───── Available data
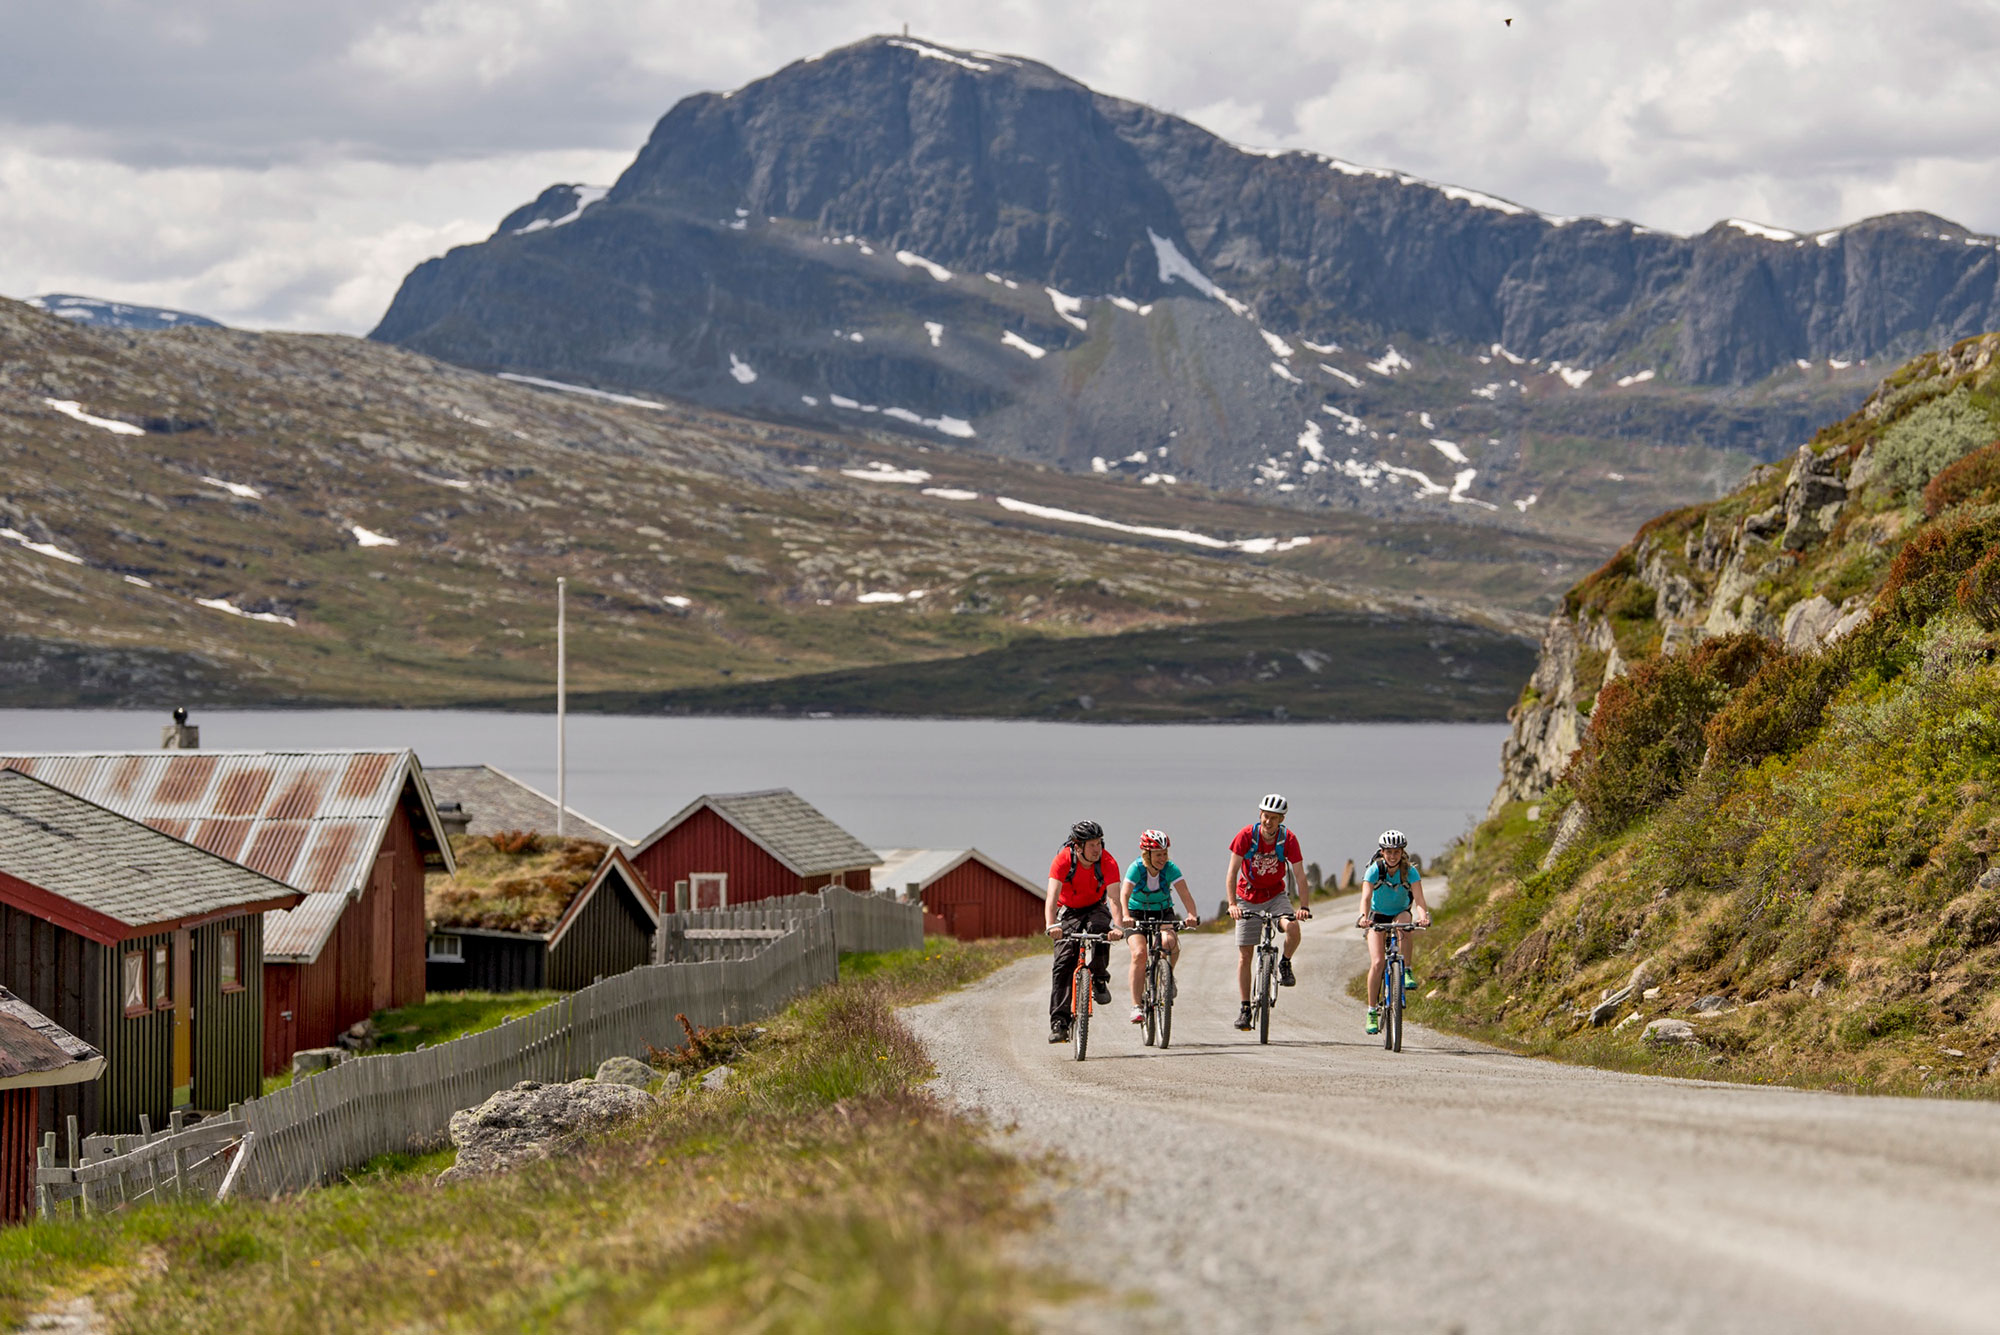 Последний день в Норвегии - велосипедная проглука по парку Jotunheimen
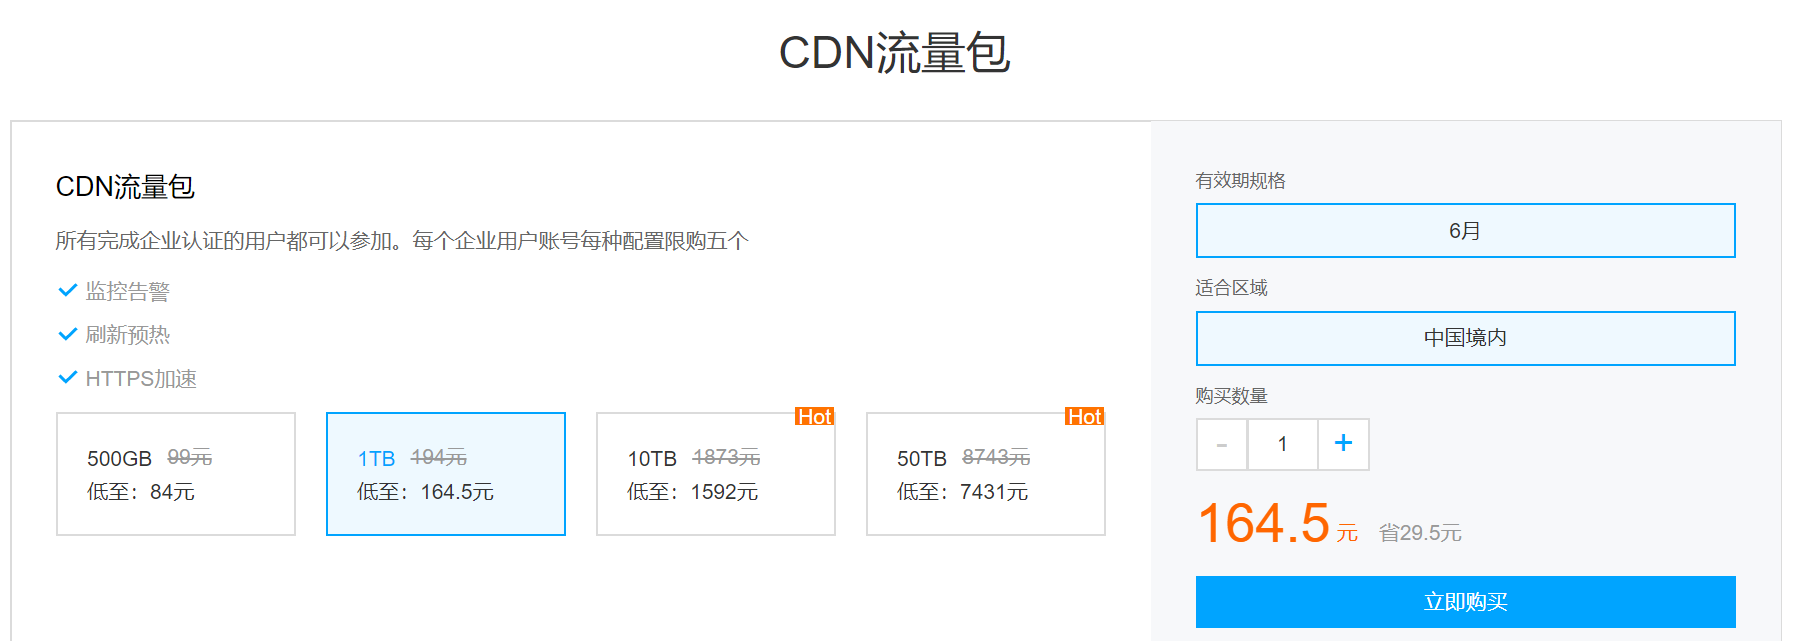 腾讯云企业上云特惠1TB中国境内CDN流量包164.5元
──────────
───── Available data
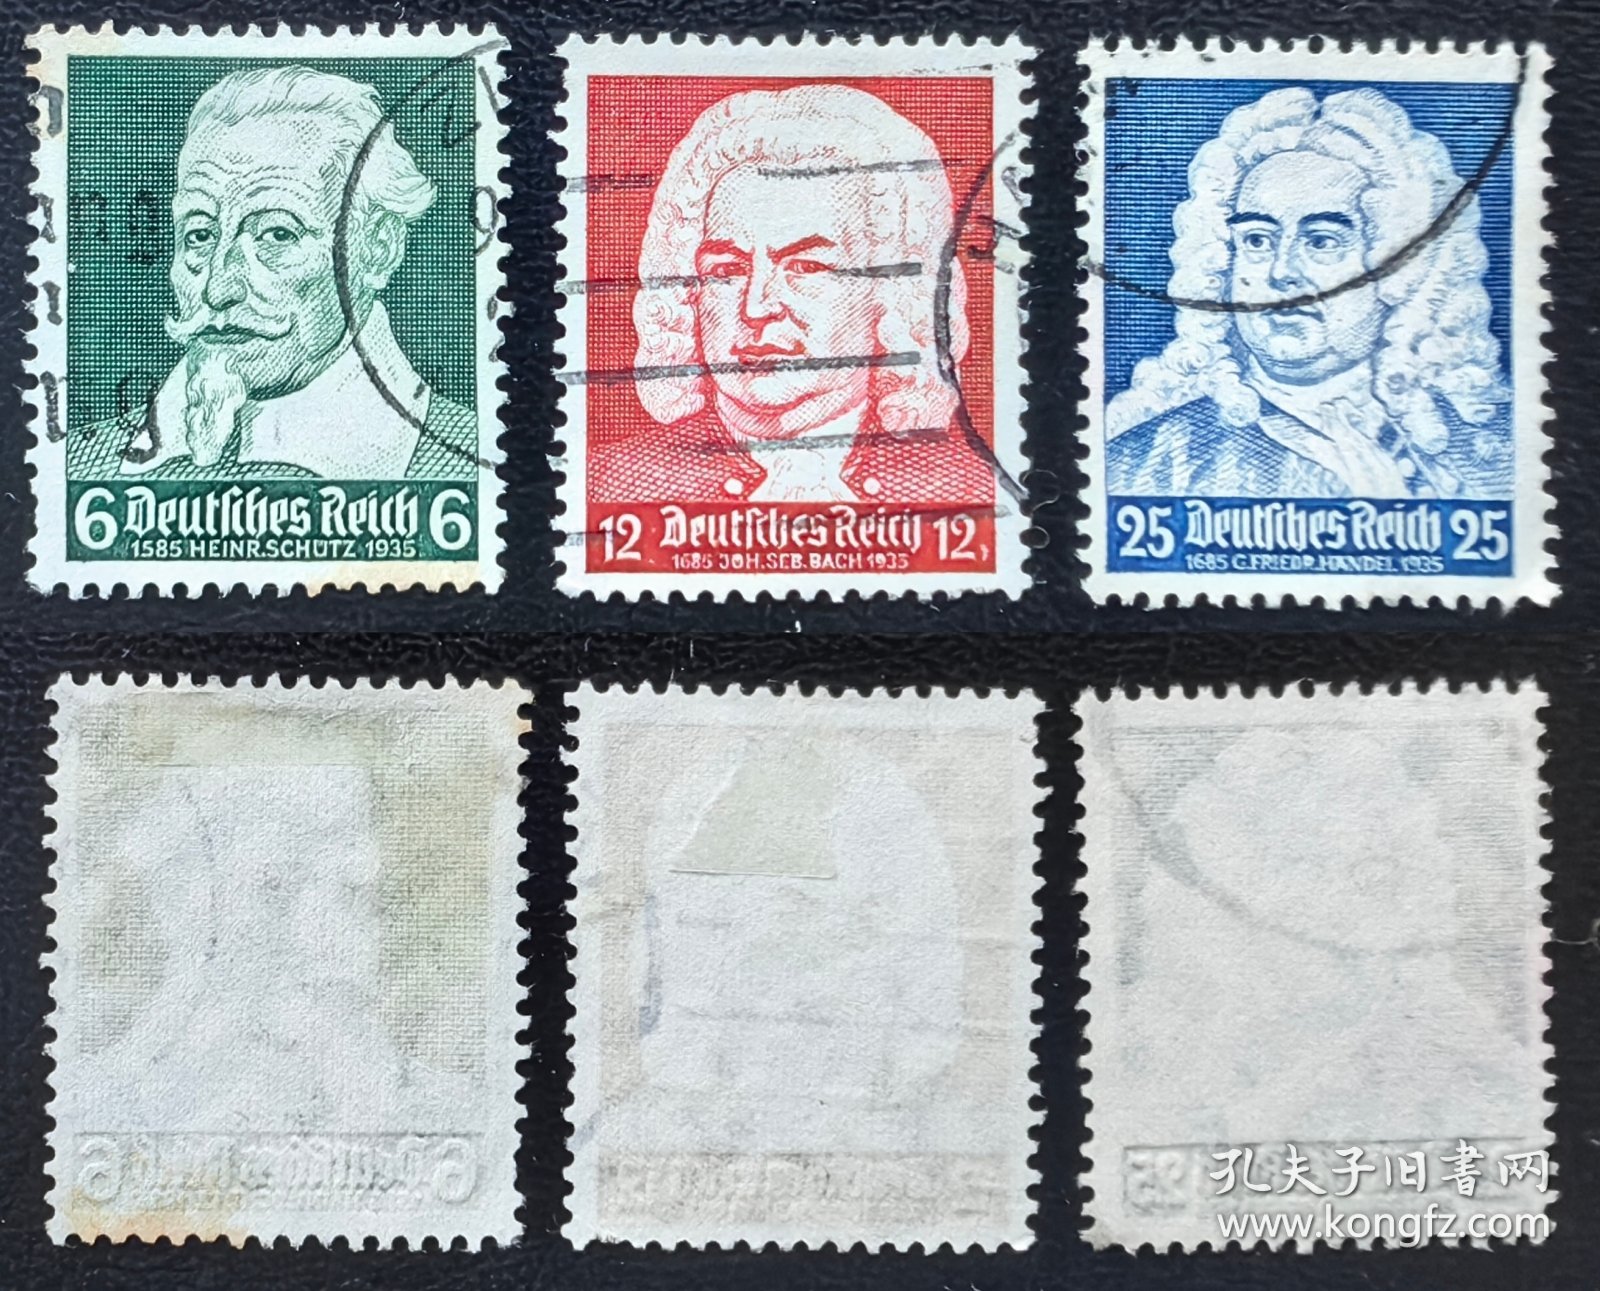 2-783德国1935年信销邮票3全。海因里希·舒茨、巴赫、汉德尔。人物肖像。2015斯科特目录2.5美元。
──────────
**Requirement:**
Start with the line with "Последний день в" in the listing above and stop after the line with "腾讯云企业上云特惠1TB中国境内CDN流量包164.5元". Write out exactly the lines in that stretch and no others, without pictures.

**Result of the task:**
 Последний день в Норвегии - велосипедная проглука по парку Jotunheimen
 腾讯云企业上云特惠1TB中国境内CDN流量包164.5元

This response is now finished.